Tuned In

The Morning After: Old Girls' Club

  • Share
  • Read Later

survivor_finale.jpg
Last night’s final four end the season’s wild ride. / Monty Brinton/CBS

SPOILER ALERT: Spoilers for last night’s Survivor finale after the jump:


As happens so often in Survivor, Fans vs. Favorites ended with my two least favorite members of the Final Four making it to the very end. Not that I have any special liking for Natalie, who truly brought a special brand of crazy to the final jury (was she asking Parvati which way she swings in bed?), but having made it through as a fan in a season that heavily favored the aptly-named favorites would have been an accomplishment in itself. As for Cerie, she is my personal favorite, and after Thursday’s mind-blowing feat in which she and the remaining women actually persuaded Erik to give up his immunity necklace—it was like watching a pack of lionesses take down a baby gazelle—I am convinced that she is an actual Jedi.

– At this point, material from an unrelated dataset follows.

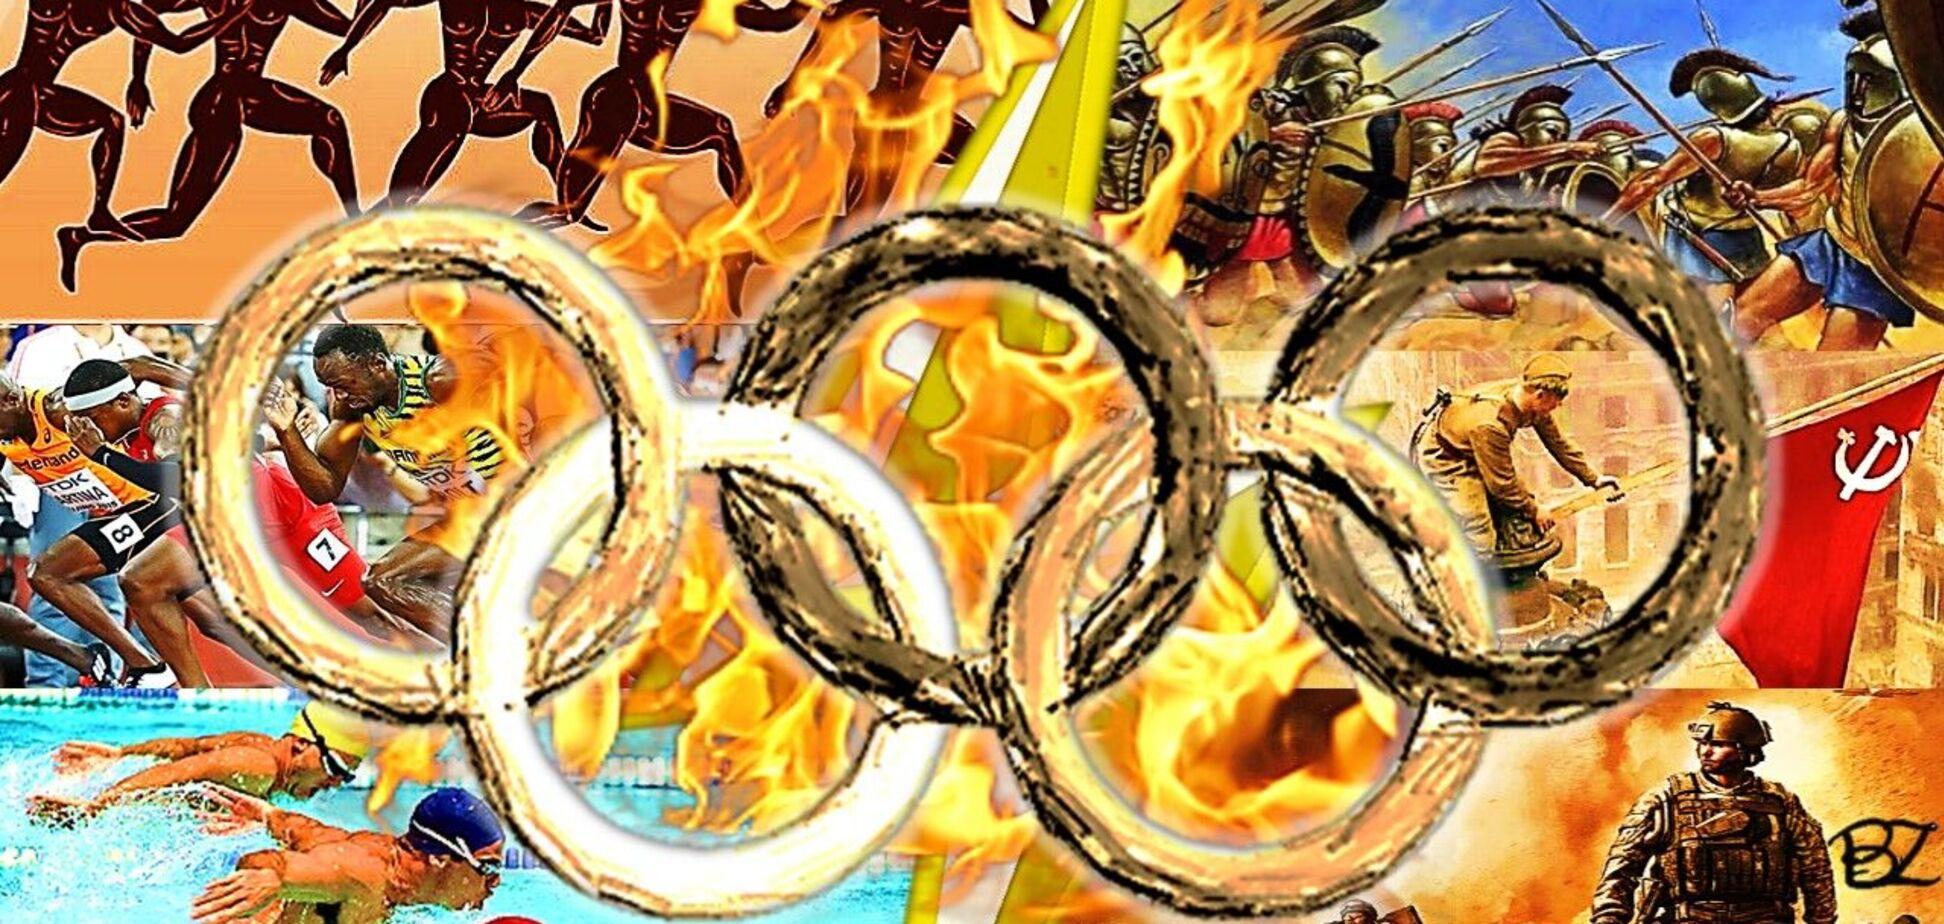 Еще раз об Олимпийских играх, или Спорт – это политика

Of course, for that reason, she may have been too great a threat for Amanda to bring to the jury anyway, but that brings me to my question: why is it that the person who wins the final immunity challenge—as Amanda has now done in two seasons—so often chooses the person who will defeat them? Maybe it’s just chance, but I also think that players immersed in the Survivor game lose sight of, or never had a sense of to begin with, how the juries actually vote on the winner. In particular, maybe because someone actually in the game is much closer to the emotions, they seem to overestimate how much juries will take likability into account, and underestimate their willingness to give the million to a schemer who outplayed them.

There Parvati seemed to understand what was going on, wisely owning up to having been a conniving so-and-so, whereas Amanda probably hurt herself by too transparently giving the jury the answers it wanted to hear. (Which, if memory serves, I believe hurt her in her first season finale as well.) She all but promised them a gas-tax holiday.

In a way, finales are the least satisfying episodes of Survivor to me, because I always feel as if people are voting on the basis of factors that were invisible to us during the actual show, inadvertently or thanks to editing. (I recall Australia, for instance, in which winner Tina came across as dead weight most of the season, but the jury voted for her to reward her execution of strategy that we never really saw.) That said, if Parvati really was the chief mastermind behind organizing the women’s alliance, then I can’t really argue with the vote.

In all, a pretty decent cap to what was a pretty excellent season—not just the Erik blindside, but all the others, not to mention the strong cast (of favorites, at least) and Ozzy’s brilliant fake-idol scam (“It’s a stick!”). What’s your vote on Survivor: Micronesia?